Saturday, 14 July 2012
One step backwards.
128 days ago life changed as quickly as a balloon can burst. I suffered a sub arachnoid brain hemorrhage and added complications of a fluid build up hyydrocephalus. These ramblings are not about the fight for survival which I experienced then but a sharing of my views ,feelings and experiences as I take a step backwards my first to date, in what, to date, has been an amazing recovery in a rollercoaster ride. Normal is an illusion let me tell you, but to set the scene, I had reverted to life at somewhat normal levels of activity albeit at a reduce pace to that I lived it at prior to March 8 th when my head went POP. Then last week I felt the tightening band around my head return. Yikes. This unfortunately could only mean one thing,it meant the unwanted extra brain fluid , or gerbil juices as I like to think of them, had returned. Fear of the unknown is tough , fear of what you know brings the added passenger of anxiety. For me it brought with it the memory of my previous experience. Let me tell you, gerbil juice overload is not the best ride you can take in this funfair we called life. I confess to being angry that it was happening to me again and a little scared of the pain I knew that would inevitably follow in the coming days. That was last Friday.
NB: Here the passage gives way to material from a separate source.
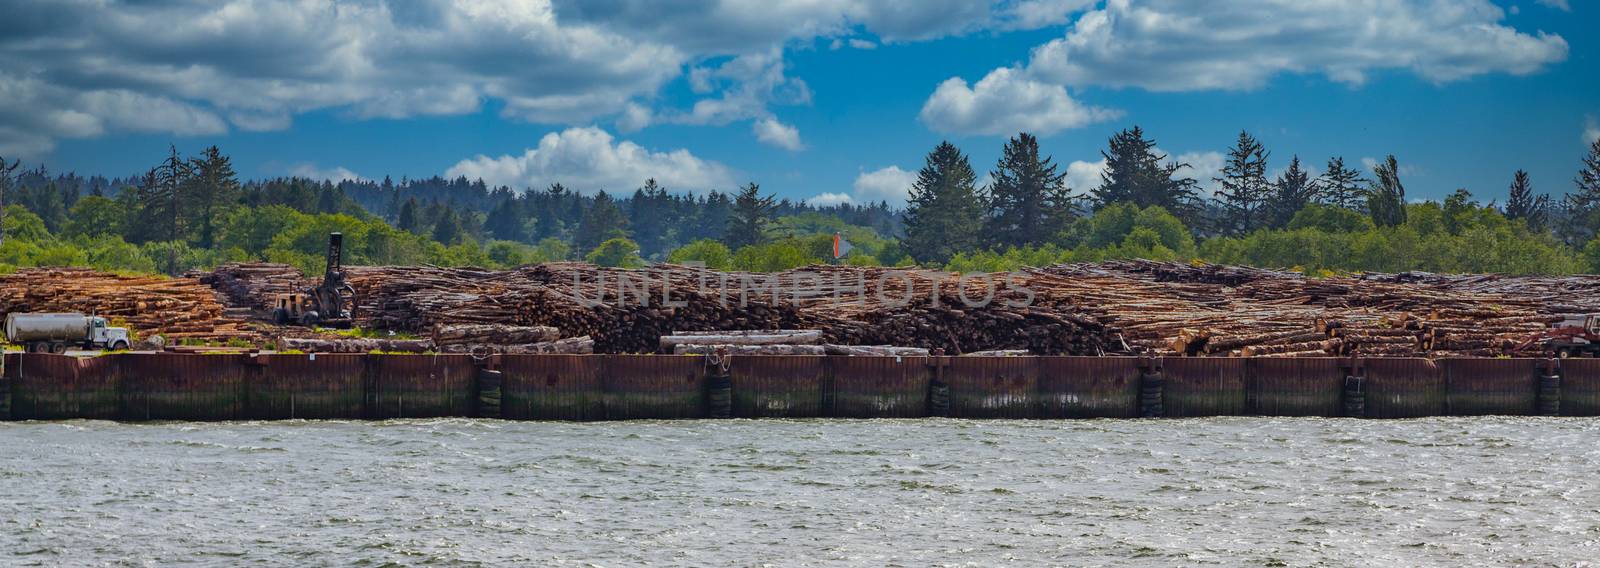 Massive Logging Operation on Oregon Coast
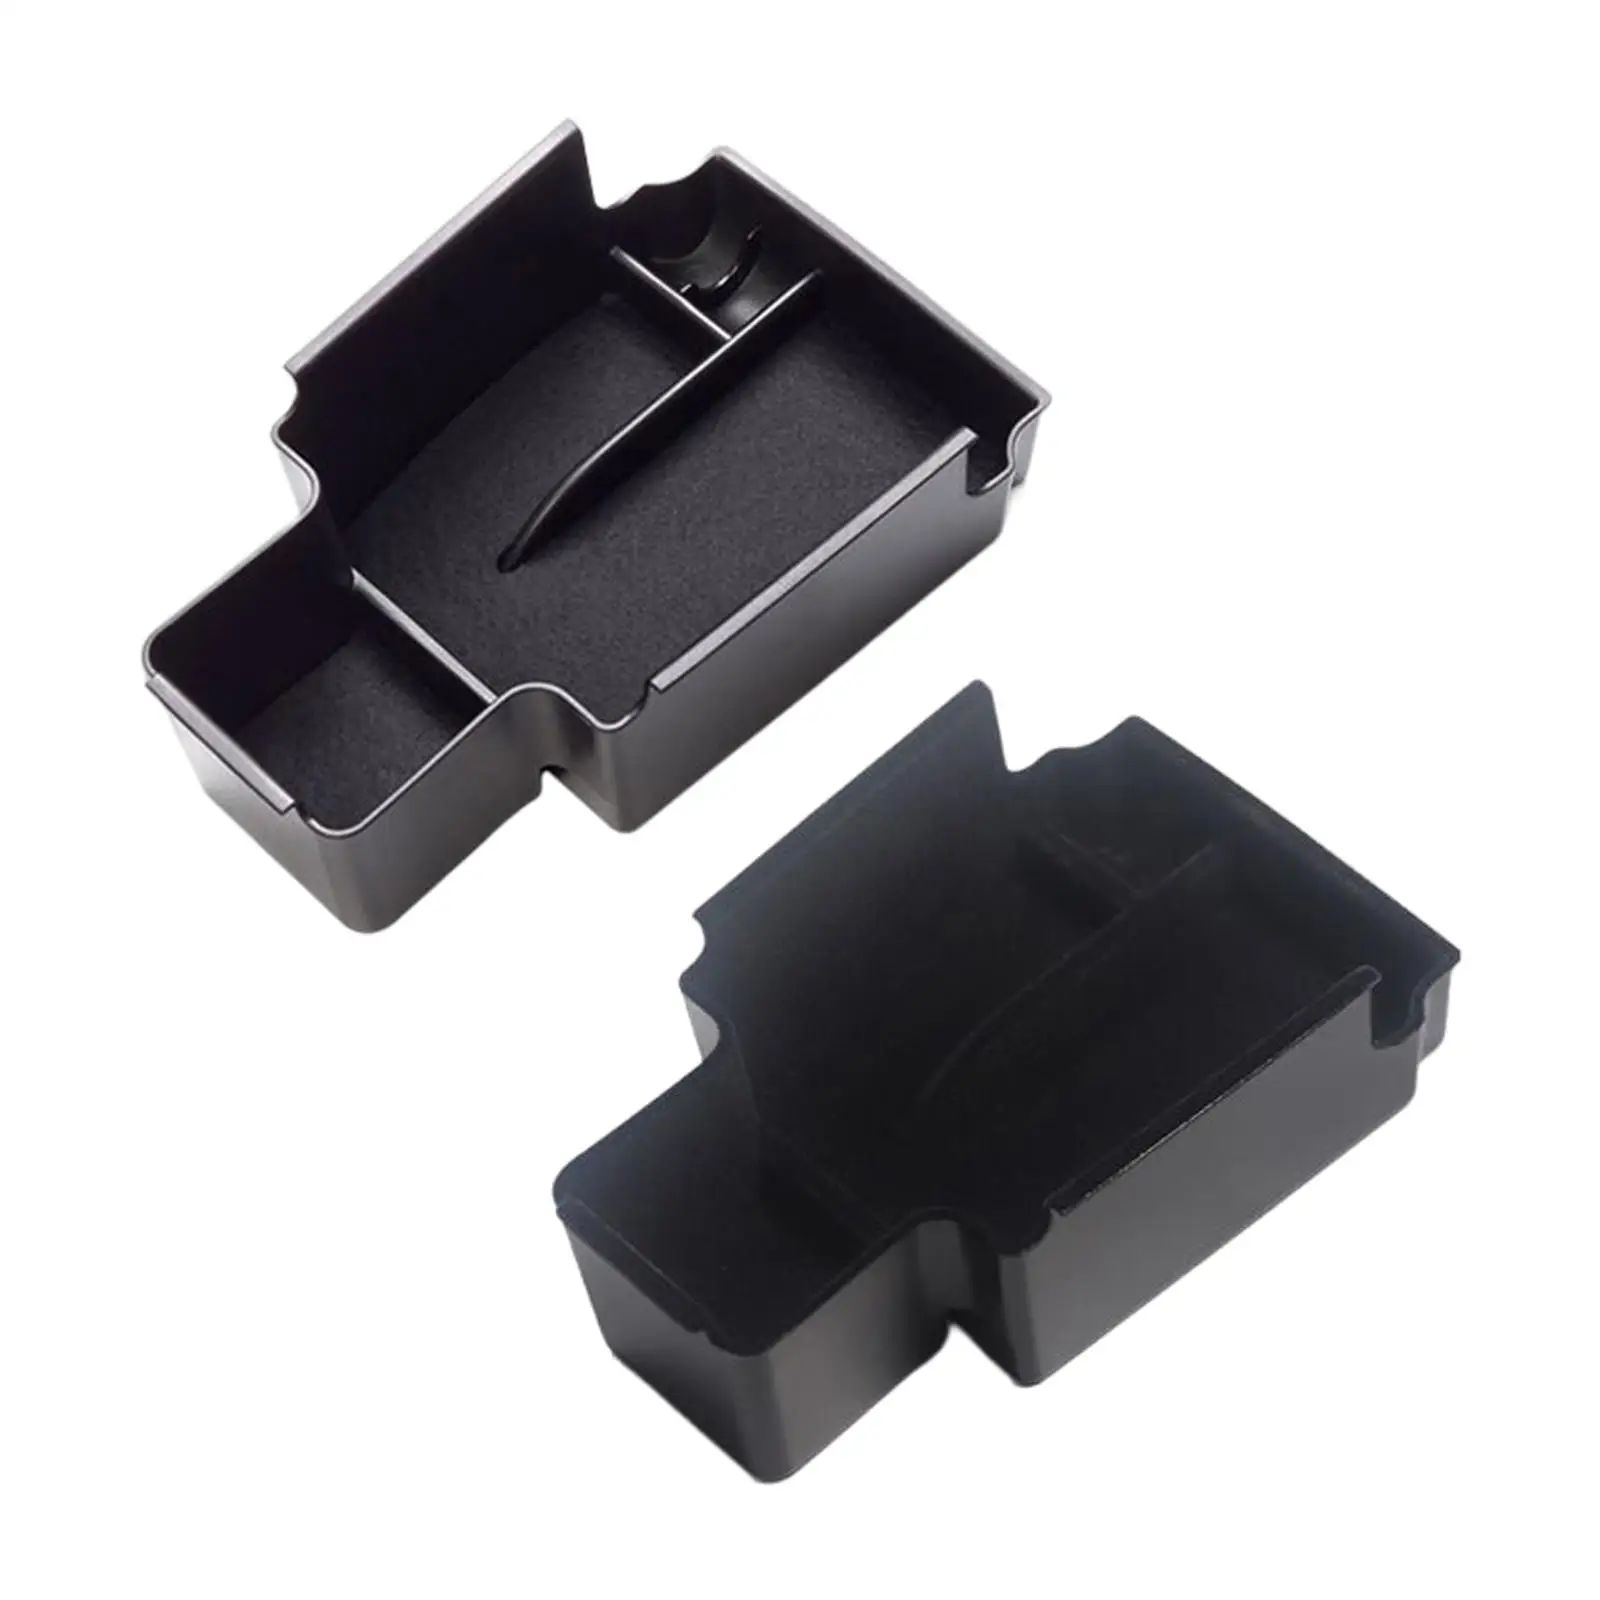 Automotive Center Console Armrest Storage Box Black Organizer Insert Tray for Ora Gwm Good Cat Durable Replace Parts

Since that time I have had drain off of gerbil juice,not unlike to the first stage of an oil change I imagine. Undignified. Tick. Painful. Tick. I have slept on a ward with an ever changing array of women. Loud. Tick. Smelly. Sometimes. I have been sad, been happy, been sick. The one constant thing I am focussed is getting better....which I am. What's the next step. Well first is that my doctor who treated me last time is back from holiday tomorrow and maybe then we can come up with a plan to stop these gerbils peeing in my head. Until then I hang in there. I cope with the pain. I forgive my nurses for being dismissive or slopy shouldered in administering duties on the odd occasion. Until then I don't inhale someone's (or my own) fart , I eat the inedible food and sleep through the noise. Until then. Because I am thankful to be here at all so know none of the other stuff matters really. Love. Kindness. Compassion. Family. Friends. These are what matters in my life and again and again they reveal themselves so I know on Monday there will be a plan and a way forward. Onwards and upwards.